◆ Material provided
# # #
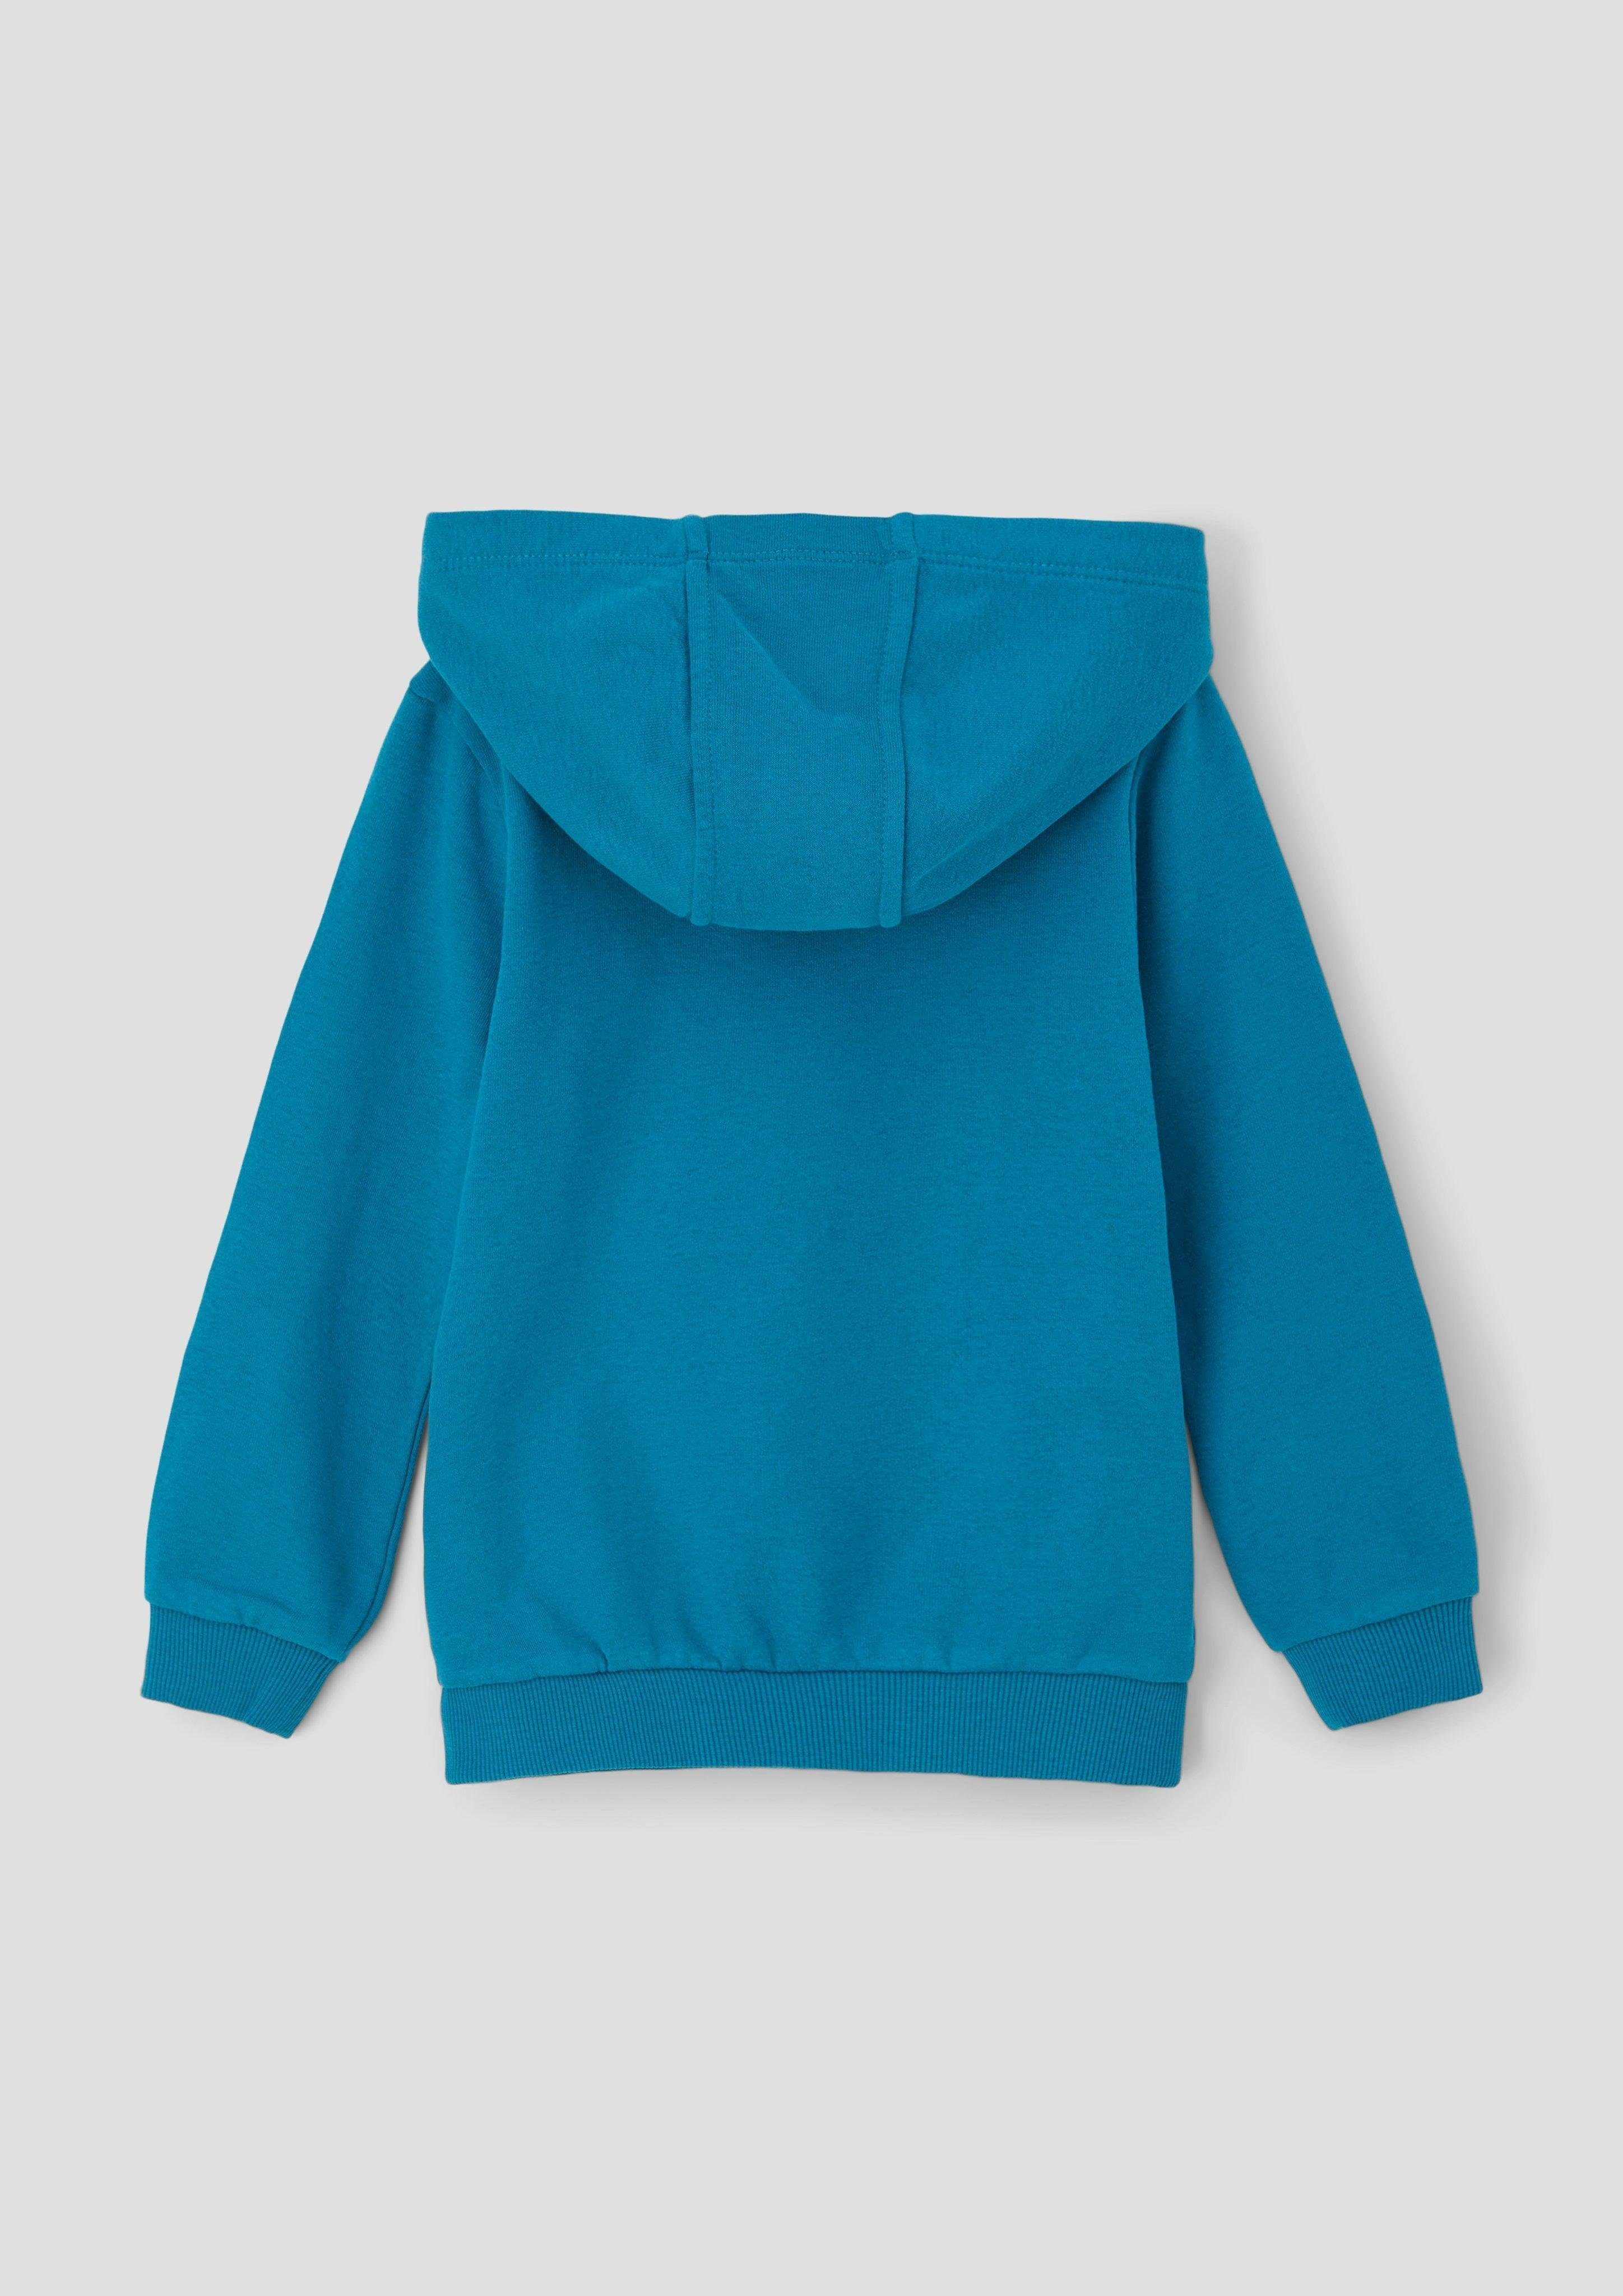 s.Oliver Sweatshirt Kapuzensweater mit Innenseite weicher azurblau
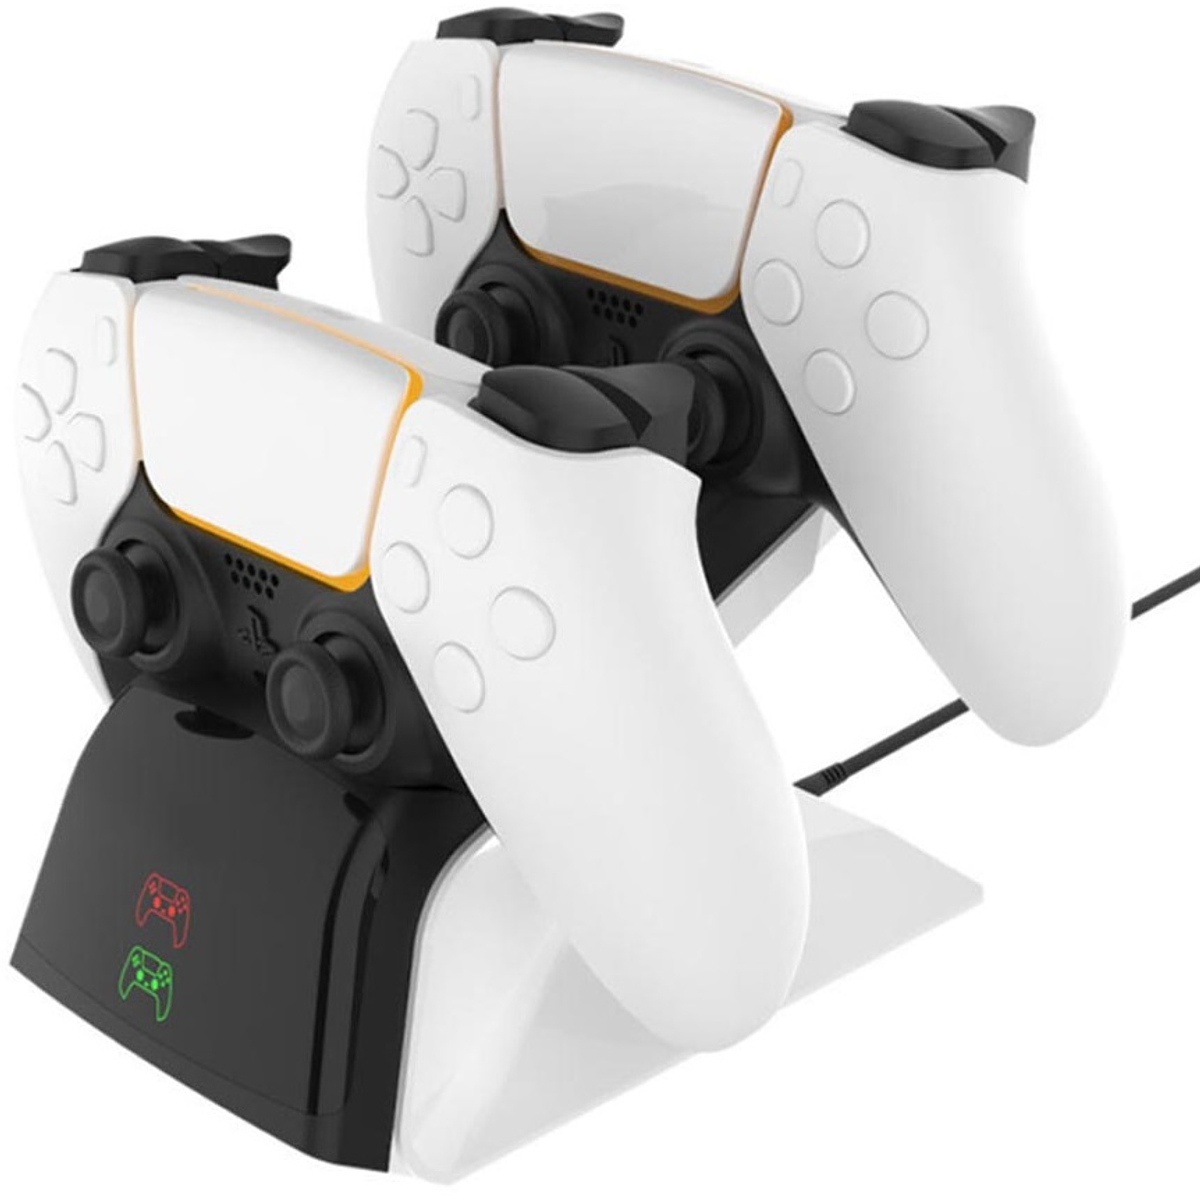 Comando PS5 Dualsense Branco + Jogo FIFA 23 (Código de Descarga na Caixa)
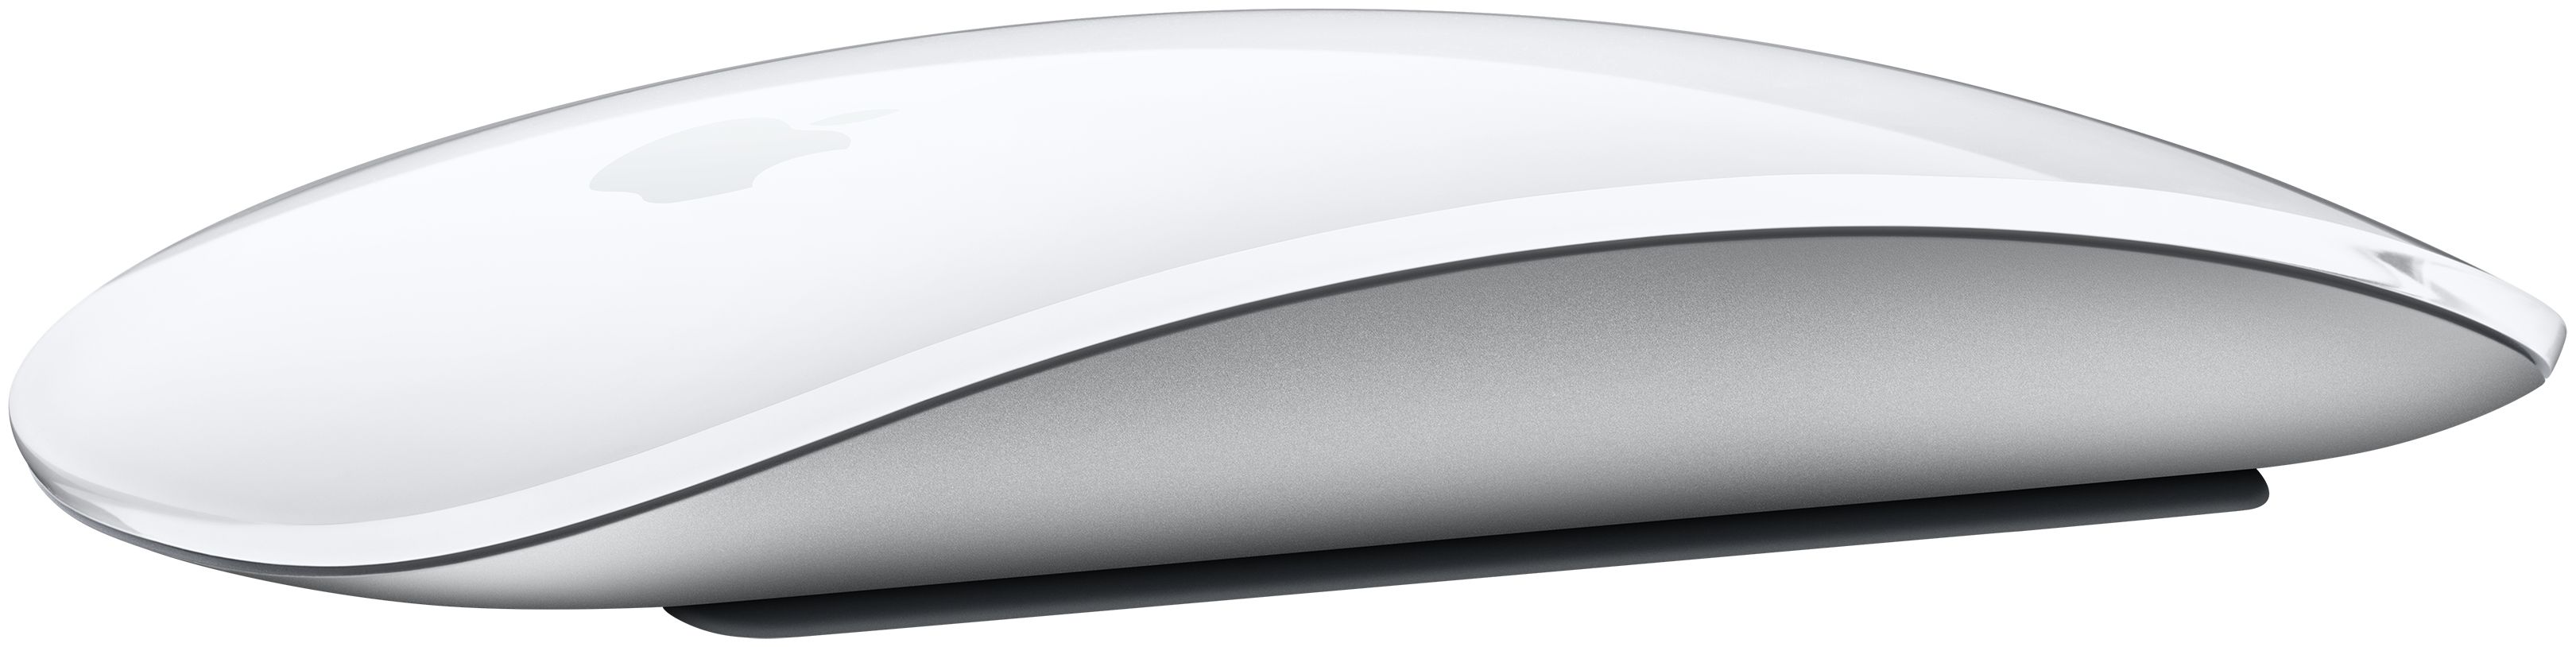 Apple Magic Mouse Büro Maus (Weiß) von expert Technomarkt
# # #
◆ Exercise aim
When repeating the material above, keep every line exact and drop all pictures.

◆ Final answer
 s.Oliver Sweatshirt Kapuzensweater mit Innenseite weicher azurblau
 Comando PS5 Dualsense Branco + Jogo FIFA 23 (Código de Descarga na Caixa)
 Apple Magic Mouse Büro Maus (Weiß) von expert Technomarkt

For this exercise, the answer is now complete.